И еще одно обстоятельство пришло ему на ум. Явная близость ночной феи к его сыну говорила о том, что она тоже живет в Хэмптон-Корте. Если она состоит при королеве, ее величество должна быть непременно поставлена в известность.
Тем лучше! Озабоченность королевы ускорит расследование, а с Мэтью будет снята всякая ответственность. Если учесть, что он пробудет здесь не больше месяца, все складывалось удачно.
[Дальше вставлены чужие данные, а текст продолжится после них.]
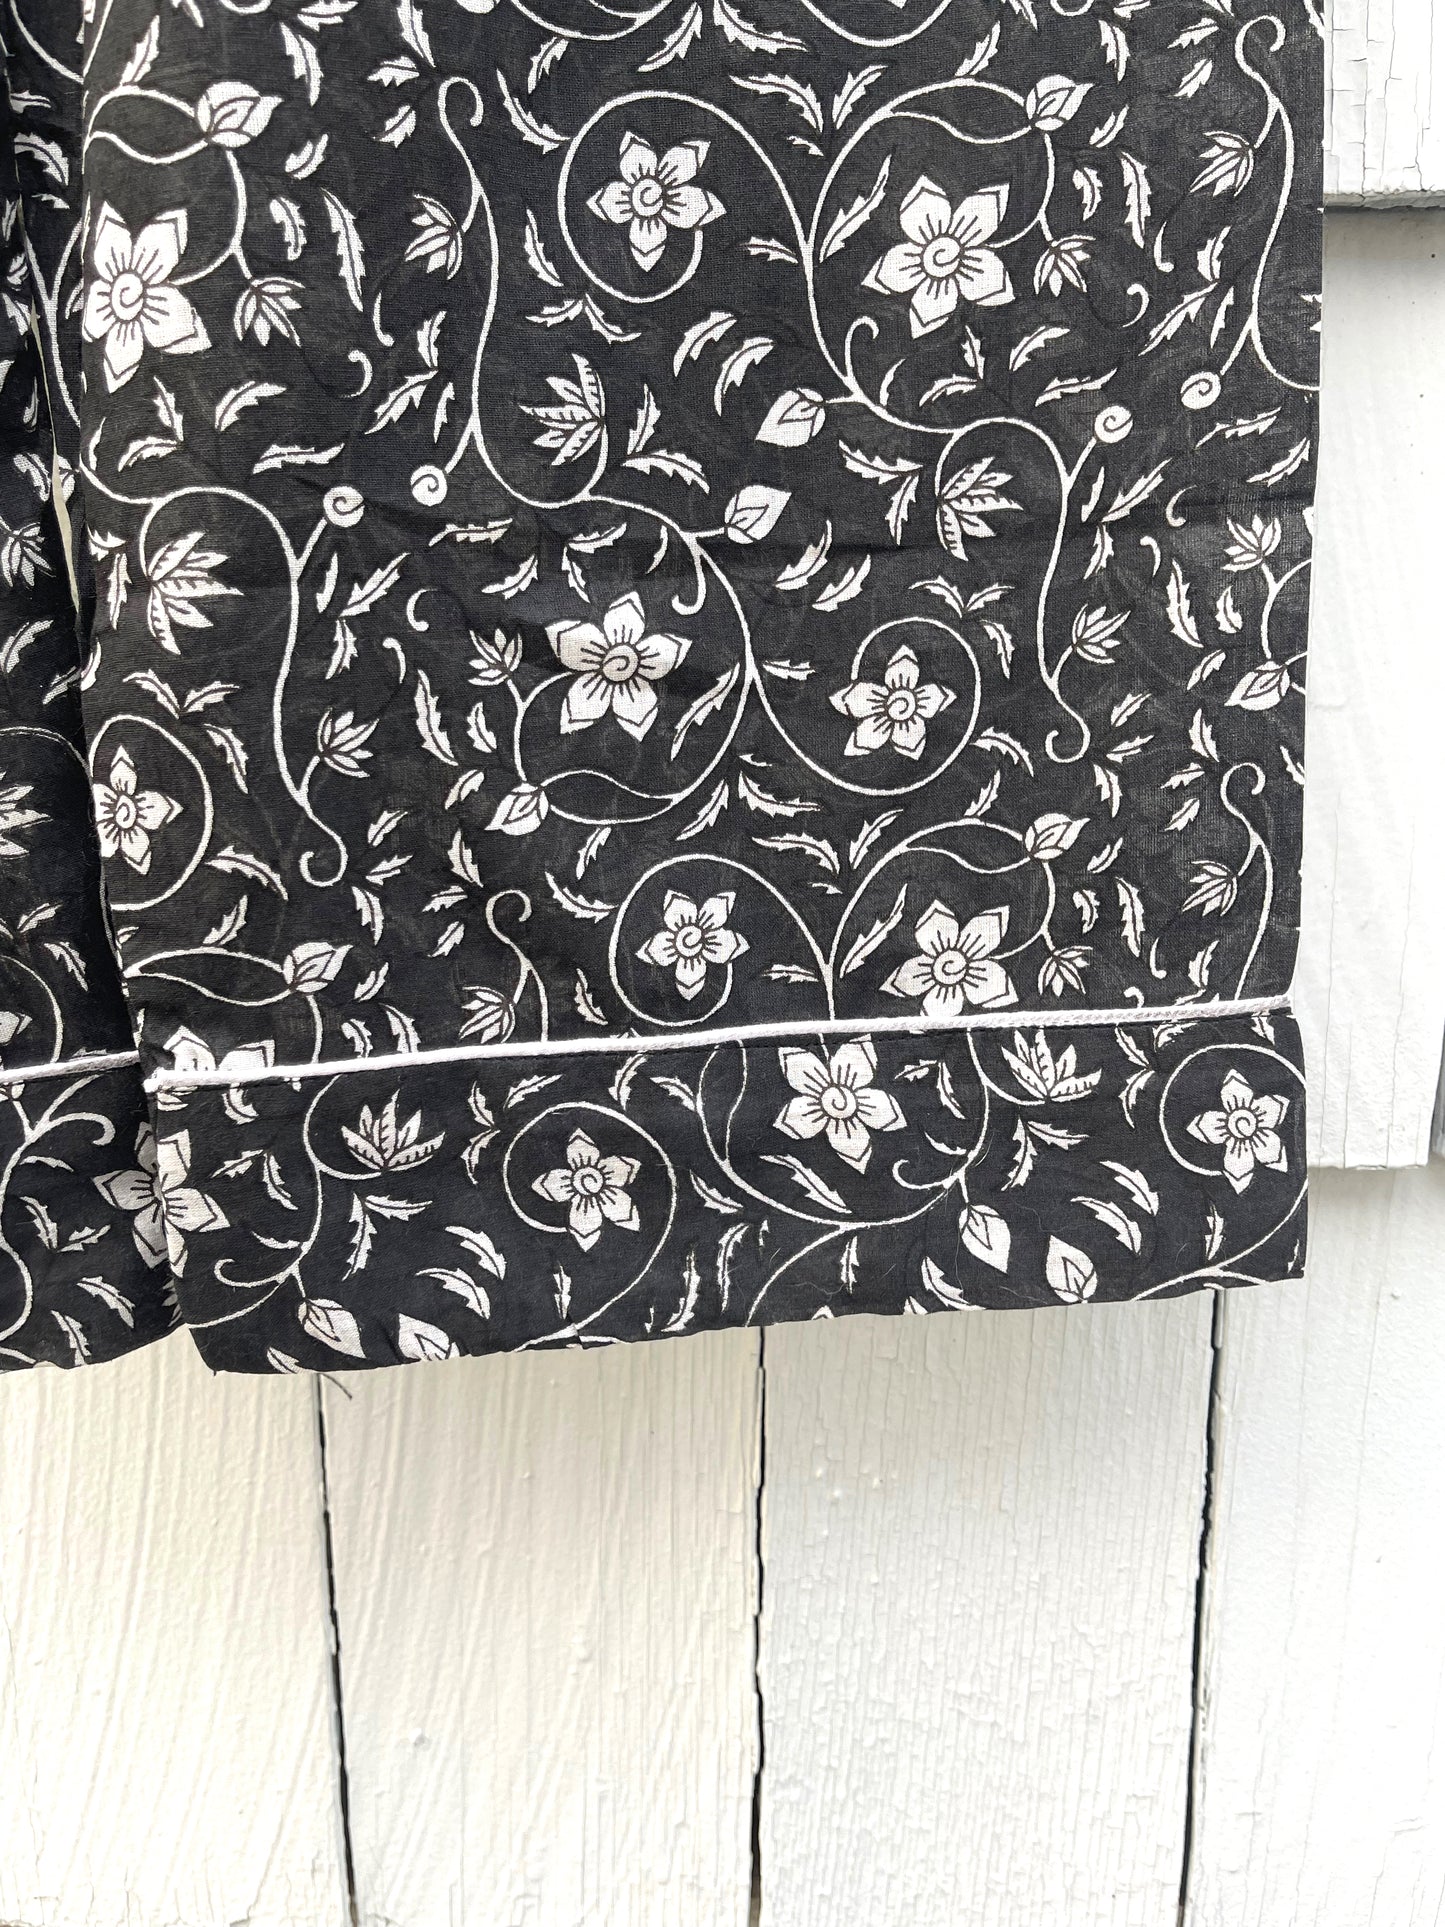 Chinoiserie Inspired Hand-block Print Pajamas with White Flowers on Black - DharBazaar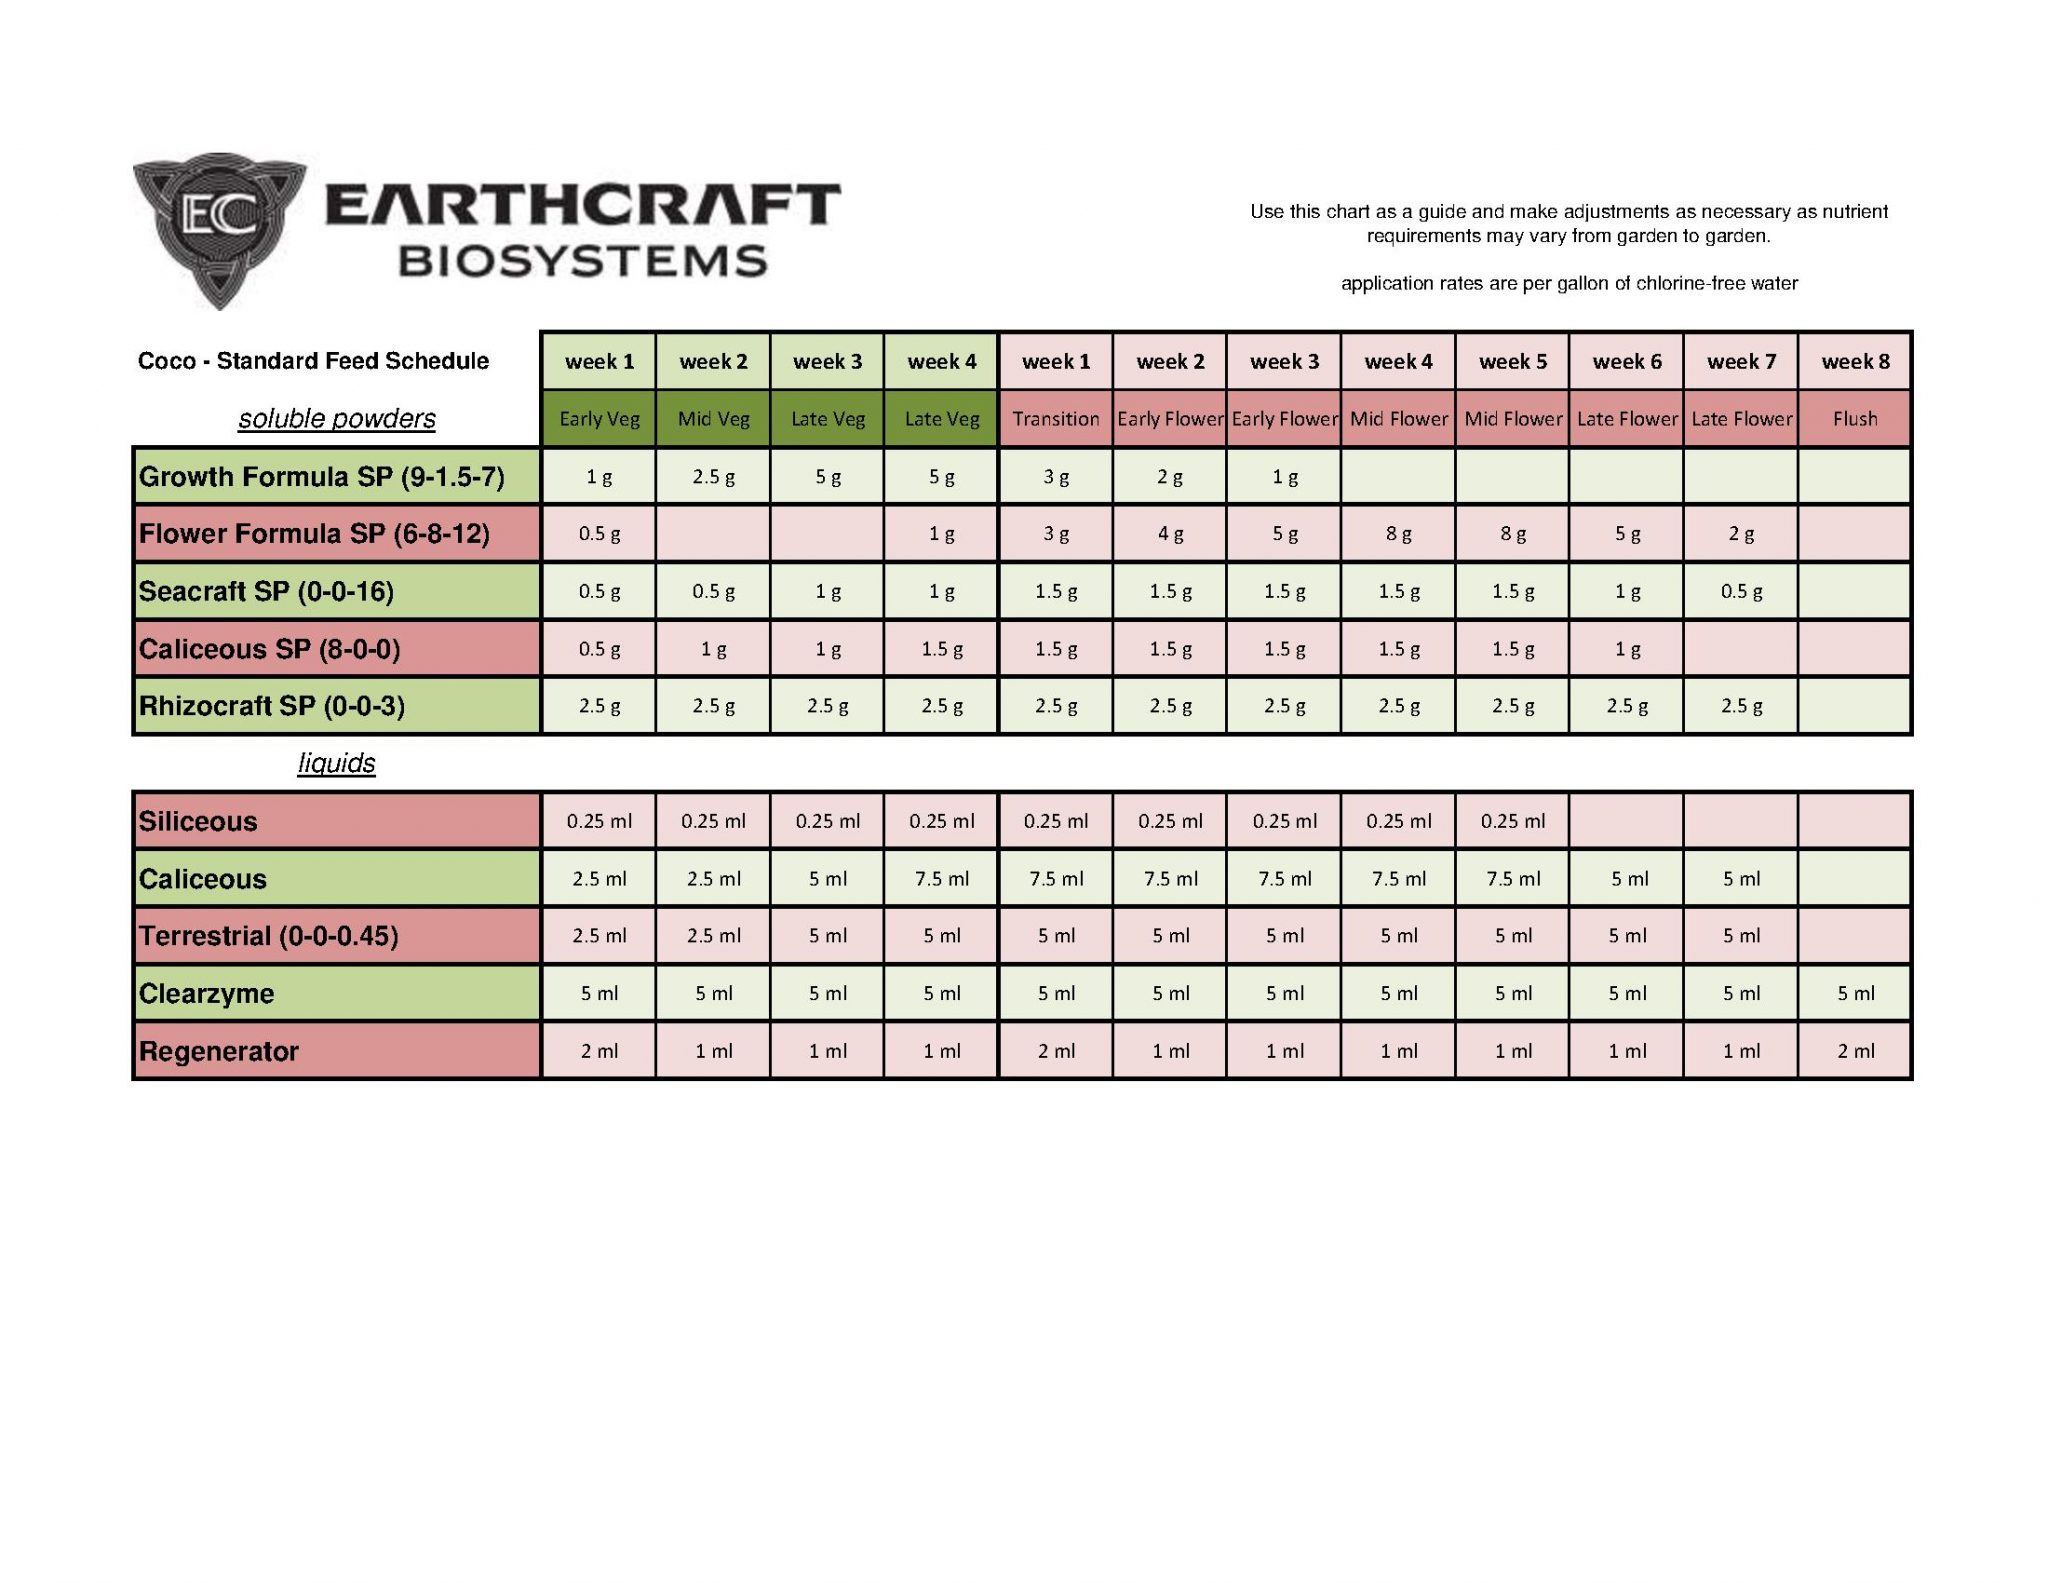 tinywow_Copy of Earthcraft Biosystems Feed Chart - Coco_7647420_1

Мэтью решил, что он расскажет все, что знает, капитану Уэллсу и забудет об этом.
И все же, за что хотели убить Титанию? Что заставило неизвестного злоумышленника пойти на такой шаг? Возможно, что-то прояснится после того, как Мэтью сходит к одному сапожнику, когда будет в Лондоне. Судя по следам, стрелявший носит дорогие сапоги для верховой езды. Их каблуки прекрасно отпечатались на мокрой земле, так же как и клеймо мастера на подошве в виде буквы Х.
Мэтью заставил себя не думать об этом. Не стоит ему вмешиваться… Но беда в том, что он не мог выбросить из головы эти вопросы. Почему его сын дружит с женщиной, в которую стреляли? Почему она бродит одна в полночь? И вообще, зачем судьба привела его туда, где он увидел ее, выходящую из воды?
Мэтью прошел через анфиладу залов, продолжая размышлять. Ему не следует увлекаться девушкой, но ведь надо же выяснить, насколько сильное влияние она оказывает на его сына. Впрочем, разве можно этому удивляться? Ведь она способна на настоящие чудеса, если сумела воскресить для него прошлое с помощью одного лишь кусочка пряника. И как ей удалось понять те чувства, которые он испытывал в детстве, когда он был окружен любовью и заботой?
Ее способность достучаться до самых глубинных чувств была так же опасна, как подводные течения в океане. А как она влияет на его юного, ранимого сына? Так же? Может быть, это даже объясняет враждебность Кэрью по отношению к нему?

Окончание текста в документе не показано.